DiCaprio, que venceu o Globo de Ouro e é um candidato forte
ao Oscar deste ano na categoria de melhor ator, está impecável e cada vez
melhor e mais maduro, com desempenho em alto estilo, deve ser creditados os
méritos também para o diretor Martin Scorsese nesta quinta parceria. Anteriormente estiveram
juntos em Gangues de Nova Iorque
(2002), O Aviador (2004), Os Infiltrados (2006) e Ilha do Medo (2010). Outro destaque do
elenco é o engraçado personagem Donnie Azoff, segundo na hierarquia, com ótimo
desempenho de Jonah Hill; bem como a esposa do “Lobo” na surpreendente e
inspirada atuação da linda atriz australiana Margot Robbie.
Os crimes do colarinho banco são enfocados de forma cômica e
extravagante numa história com componentes de drogas campeando por todos os
lados, especialmente a cocaína; sexo com perversão extrapolando todos os
limites de regras normativas; e muita pilantragem para sonegar impostos nos
Estados Unidos. A narrativa é frenética e se confunde muitas vezes com uma
animação infantil, com um humor nada sutil e distante de um refinamento de um
Woody Allen, no magnífico Blue Jasmine
(2013); ou em Depois de Horas (1985),
do próprio cineasta. Não há tempo para o público bocejar, pensar e tirar suas
conclusões, ou refletir sobre os problemas sociais. Scorsese está elétrico
demais e passa do ponto harmônico, deixando que tudo se torne exagerado, como uma
gritaria atordoante na bolsa e festas estourando os tímpanos dos espectadores,
em quase todo o desenrolar do longa de três horas. Torna-se massificante a
trama, que bem poderia ser reduzida para no máximo cem minutos, num erro crasso
e imperdoável de edição.
A ambição como mola propulsora da queda fulminante do
protagonista Belfort e a iminente decadência são retratadas de forma satírica e
com glamour, embora ele lute com garra para manter a fleuma e não se vergar. A
canalhice e seus excessos verborrágicos para atingir os novos e futuros investidores
são demonstrados despudoradamente, sem se deixar levar pelo moralismo
conservador, o que é um ponto positivo. Tudo dentro de um anticlímax de
evasivas num ambiente irreal, coberto por sentimentos de desdouros. Mas
Scorsese derrapa novamente no uso proposital e desmedido de palavrões,
inclusive a revista Variety classificou o longa como campeão de palavras
chulas.
Scorsese faz a crítica ao materialismo do homem ganancioso e
sem limites pelo descontrole abissal nesta irregular comédia dramática. Mas não
há o vigor e nem a contundência do genial Costa-Gavras em O Capital (2012), com calibrado poder de fogo, afiado sobre um
executivo que passou por várias instituições financeiras fortes e dominadoras da
Europa, com os relatos instigantes sobre os movimentos bancários e os jogos de
poder e fama beirando a inverossimilhança, mas que são reais e cruéis. Doa a
quem doer as armações políticas abjetas e nefastas de seu protagonista sem
escrúpulo num mergulho no mundo voraz de um capitalismo selvagem e desenfreado.

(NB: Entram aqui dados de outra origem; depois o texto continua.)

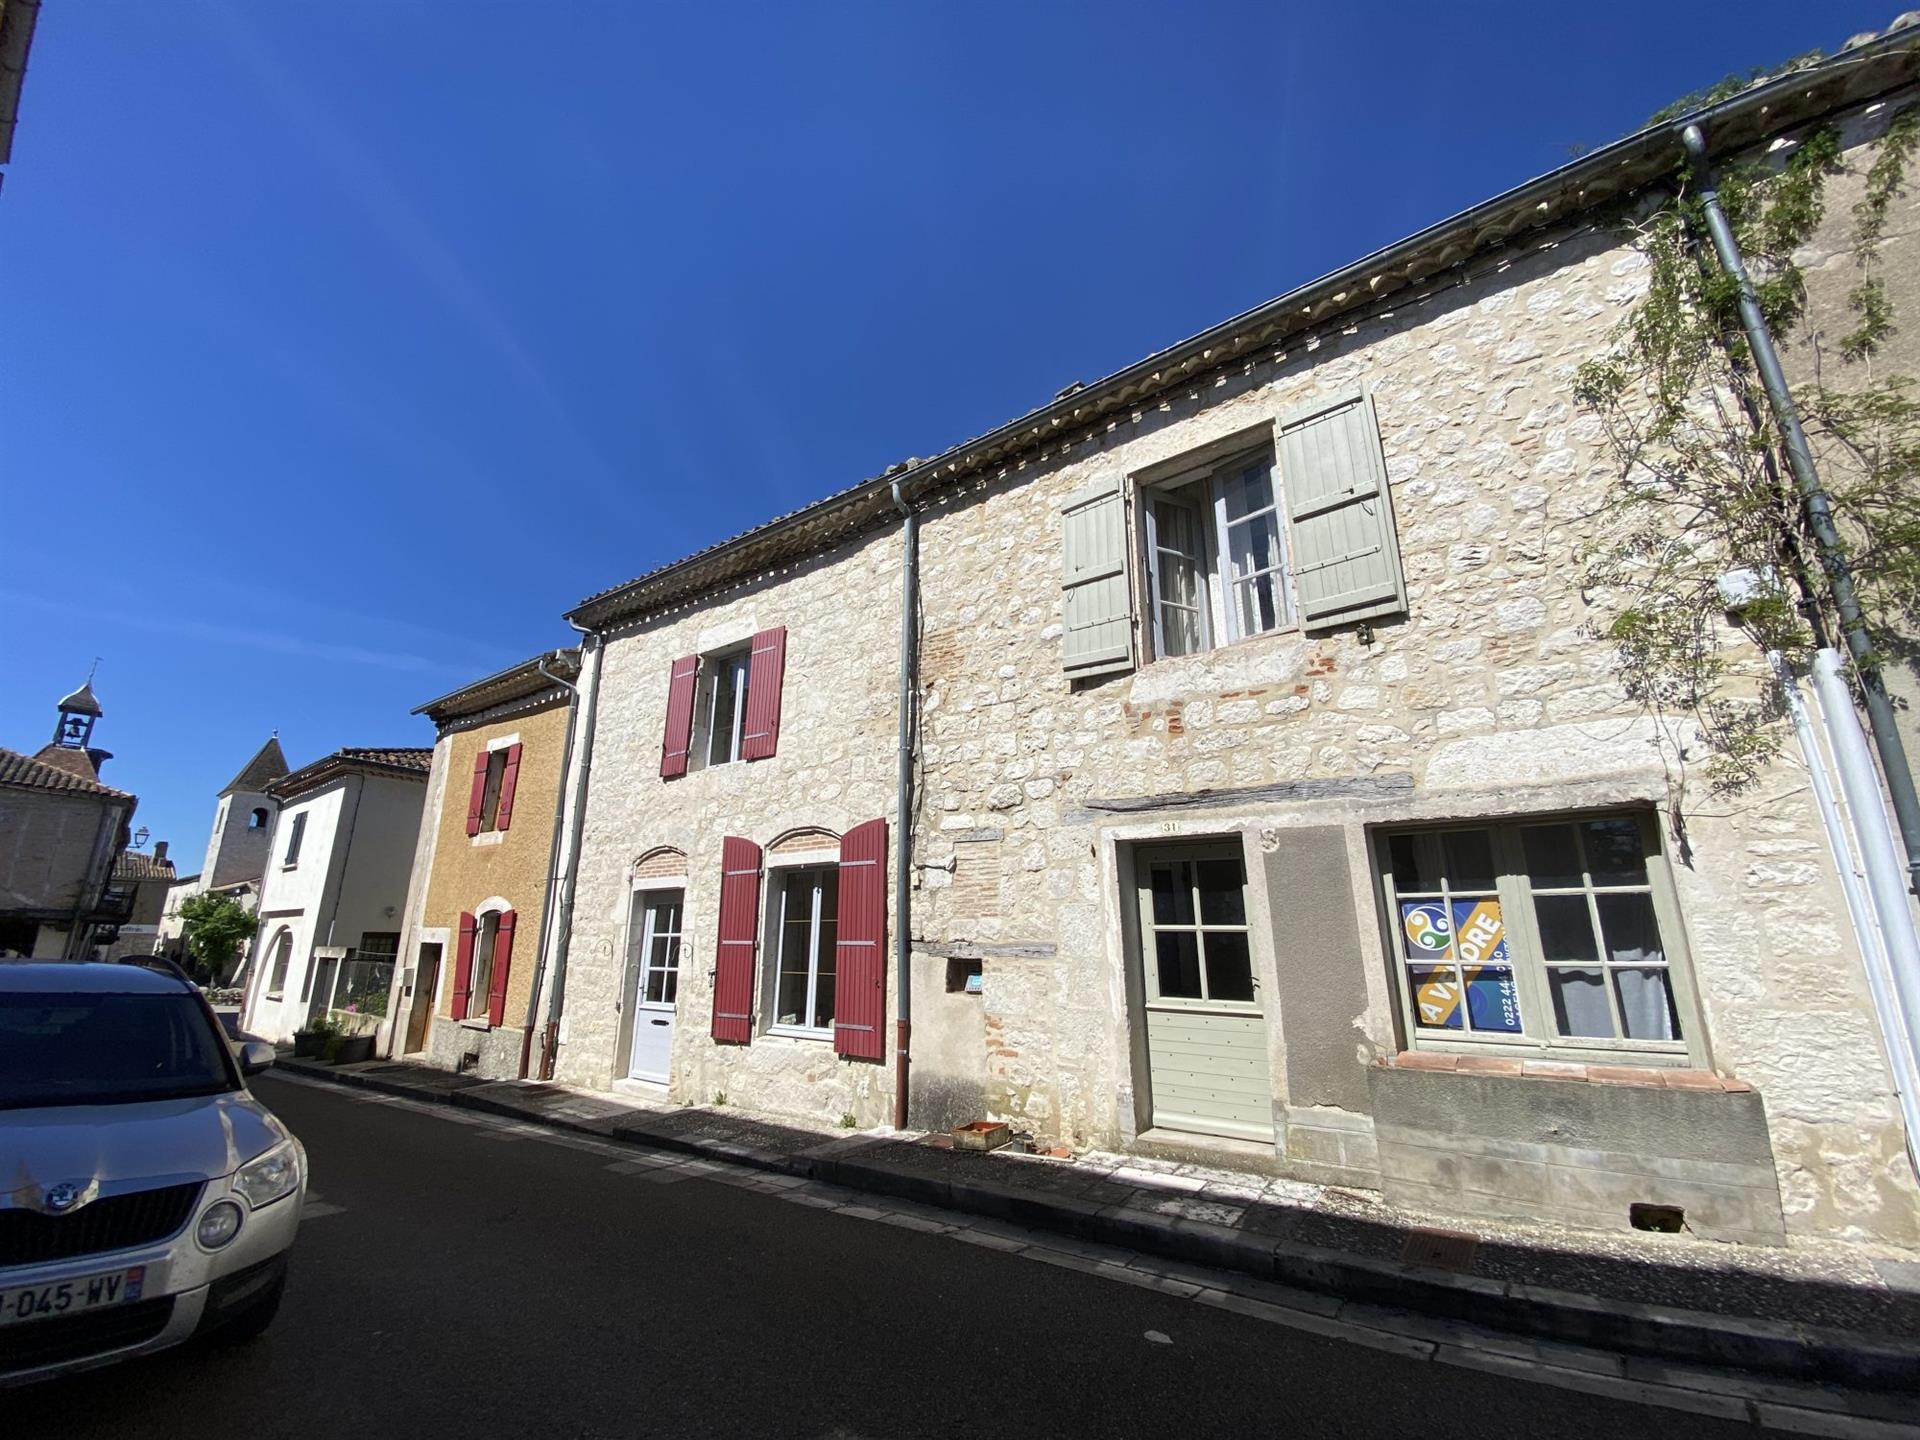  Lot Et Garonne Maison de village historique avec 3 chambres, à deux pas de la place principale
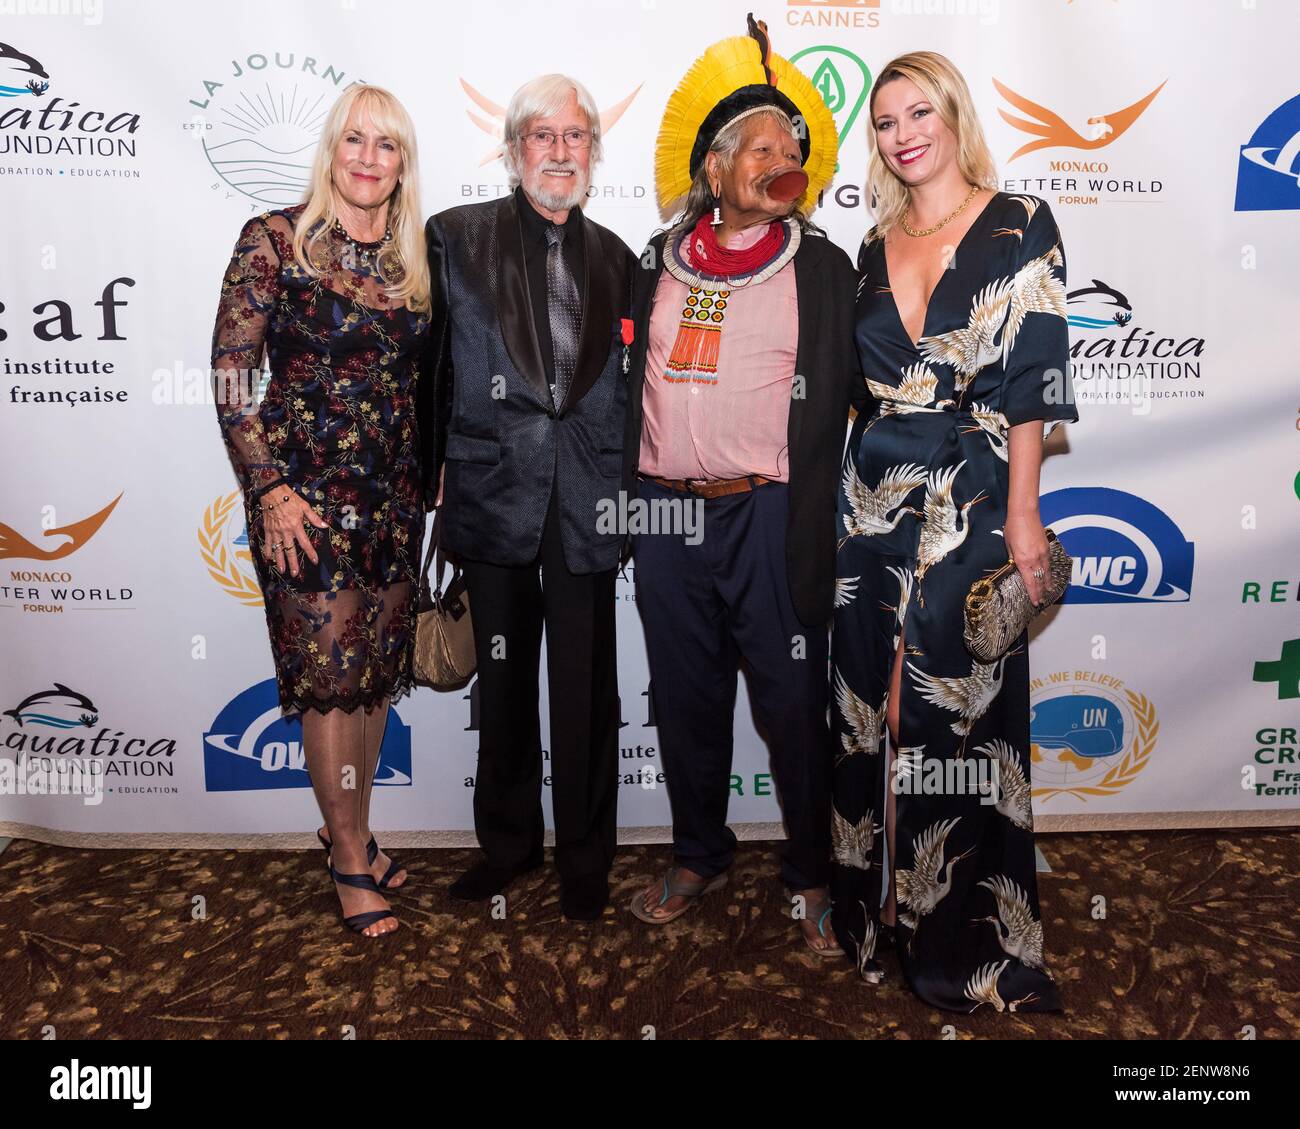 Jean-Michel Cousteau (milieu) avec l'épouse Nancy Marr et le chef Raoni  Metuktyre au dîner de gala DU MONACO Better World au Westin Grand Central à  New York le 22 septembre 2019 Photo
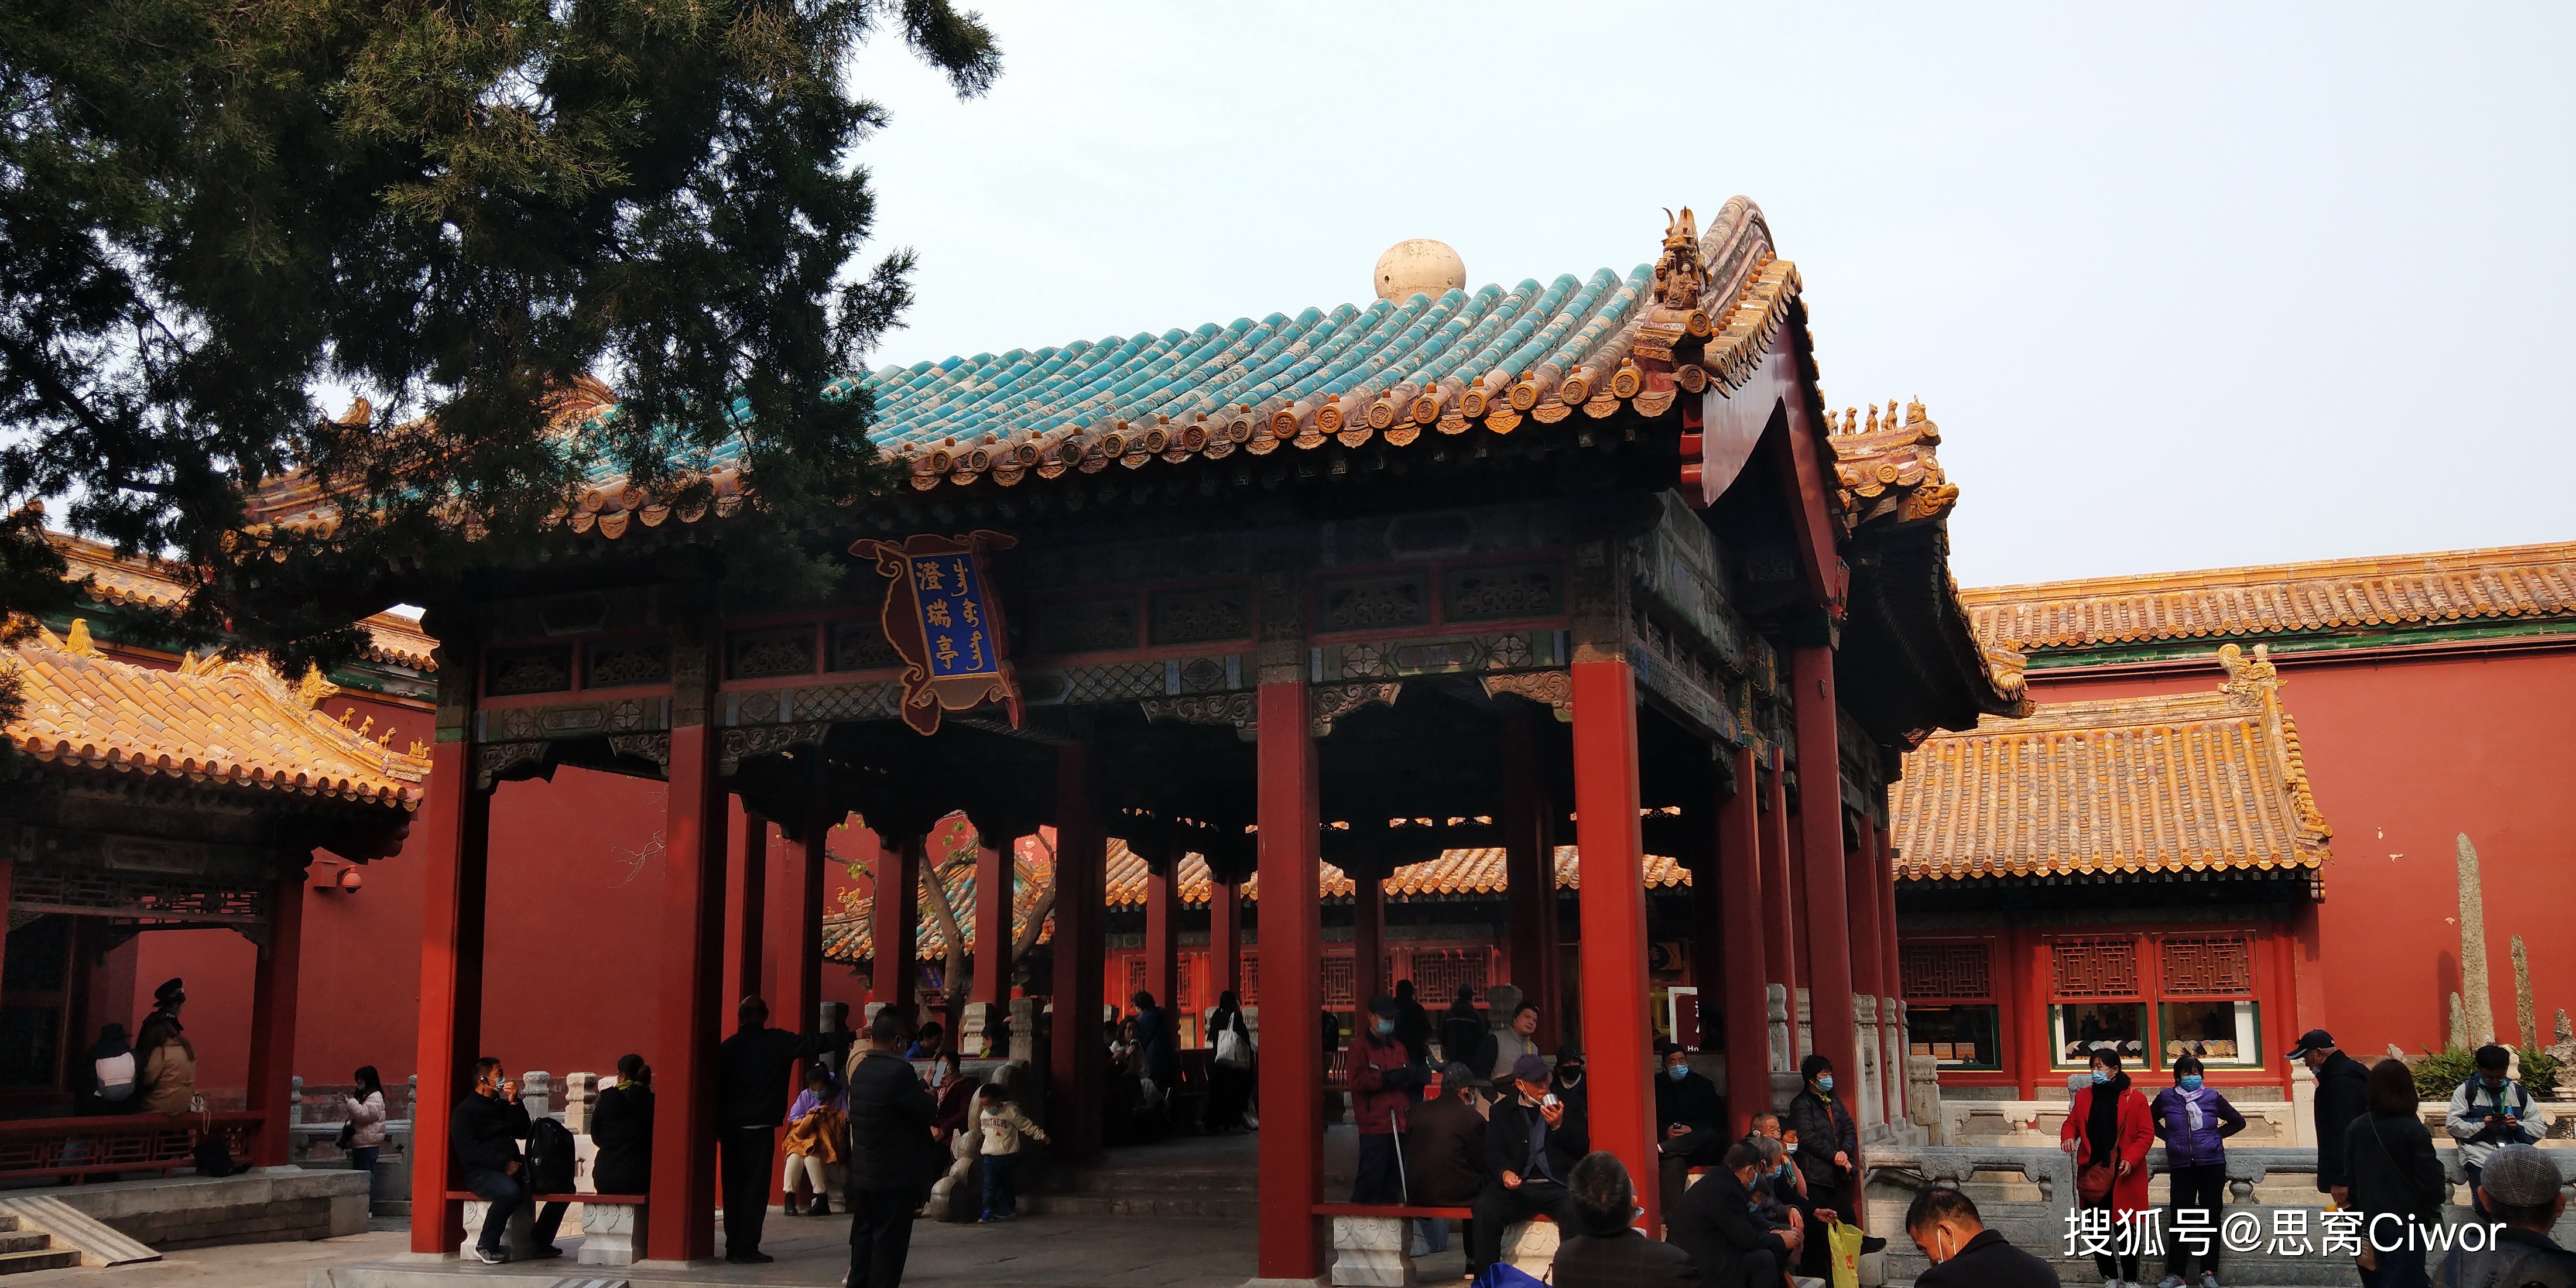 午门是故宫的正门,俗称五凤楼.
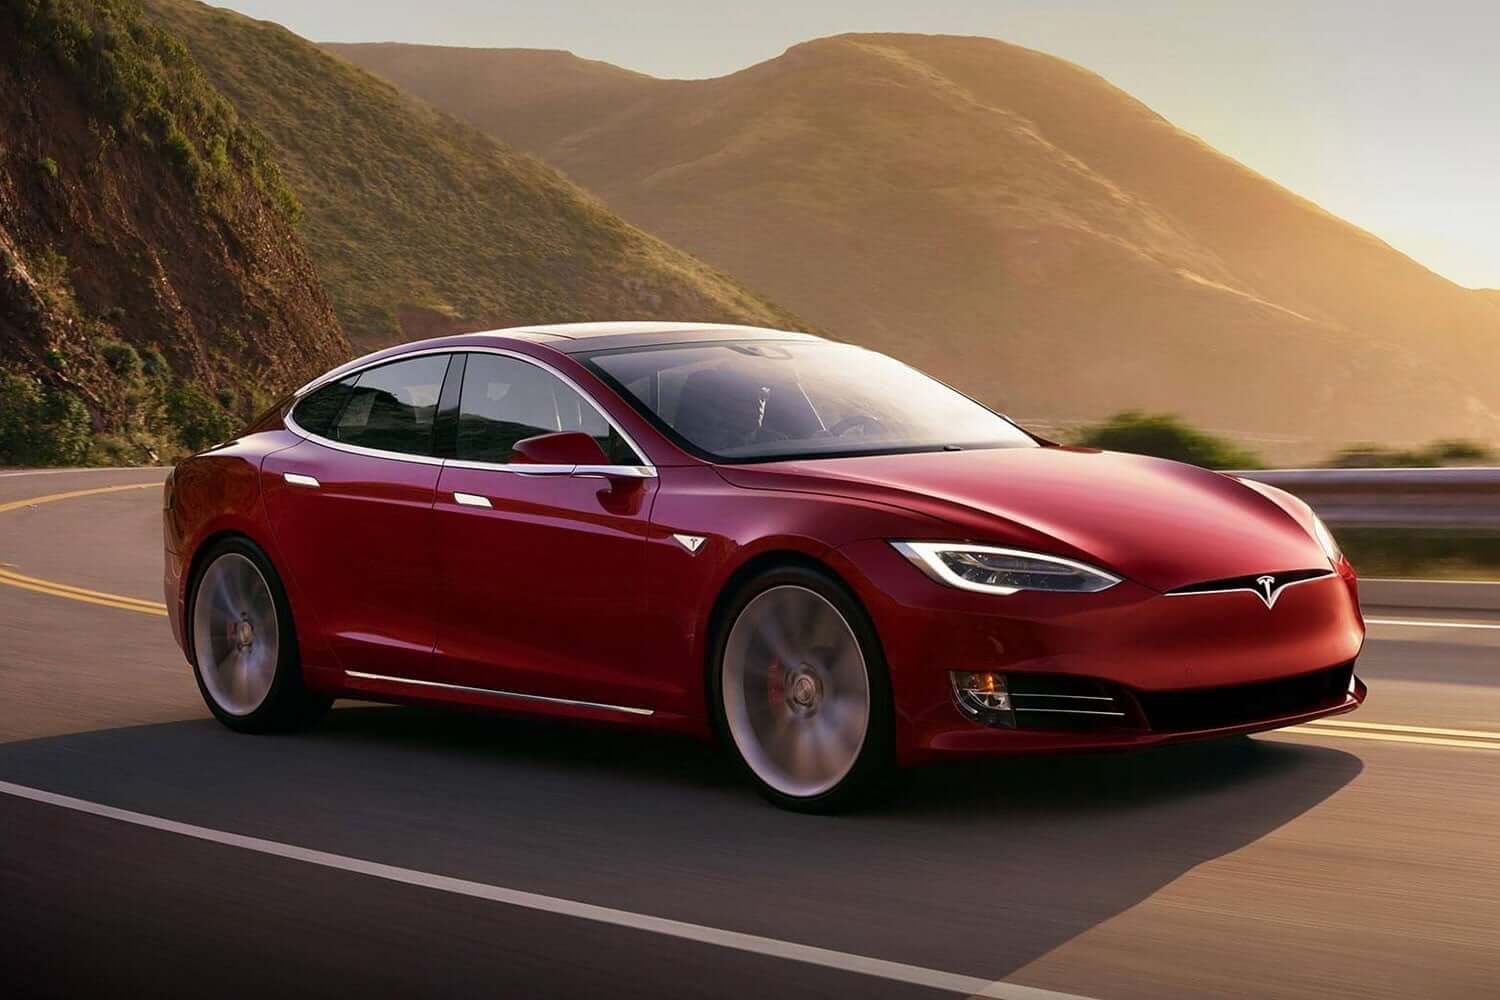 Ingeniører har funnet en måte å gjøre en Tesla dobbelt så bra

Ou no ataque ao capitalismo de David Cronenberg em Cosmópolis (2012), através do passeio pelas ruas pelo esquisito
personagem acima dos mortais, trancafiado dentro de sua limusine blindada, uma
espécie de bunker.
A estrutura de O Lobo
de Wall Street é muito semelhante, para não dizer igual, ao filme Cassino (1995), como se o cineasta
realizasse uma remasterização do tema numa refilmagem com cenários diferentes.
Mesmo que tente, pouco inova seus personagens no universo da safadeza dentro da
ilegalidade, deixando seus heróis ou anti-heróis soltos e por vezes tornam-se
conhecidos, dando mostras da sensação de estar diante do déjà vu. Ou ainda, bem nos padrões de Hollywood. Embora tenha no
amoralismo seu ponto forte, está longe de uma obra completa e eloquente, mesmo
que se considere como provocador, escrachado, insano e ganancioso o
protagonista, há evidente falta de consistência na construção e uma tênue
desenvoltura do enredo, tendo em vista que o diretor não domina a comicidade,
seu forte é o drama. Deixou que os excessos esvaíssem a trama de um golpista abjeto
num painel de imagens alucinantes, causando um vácuo vazio e sem um ritmo de
equilíbrio.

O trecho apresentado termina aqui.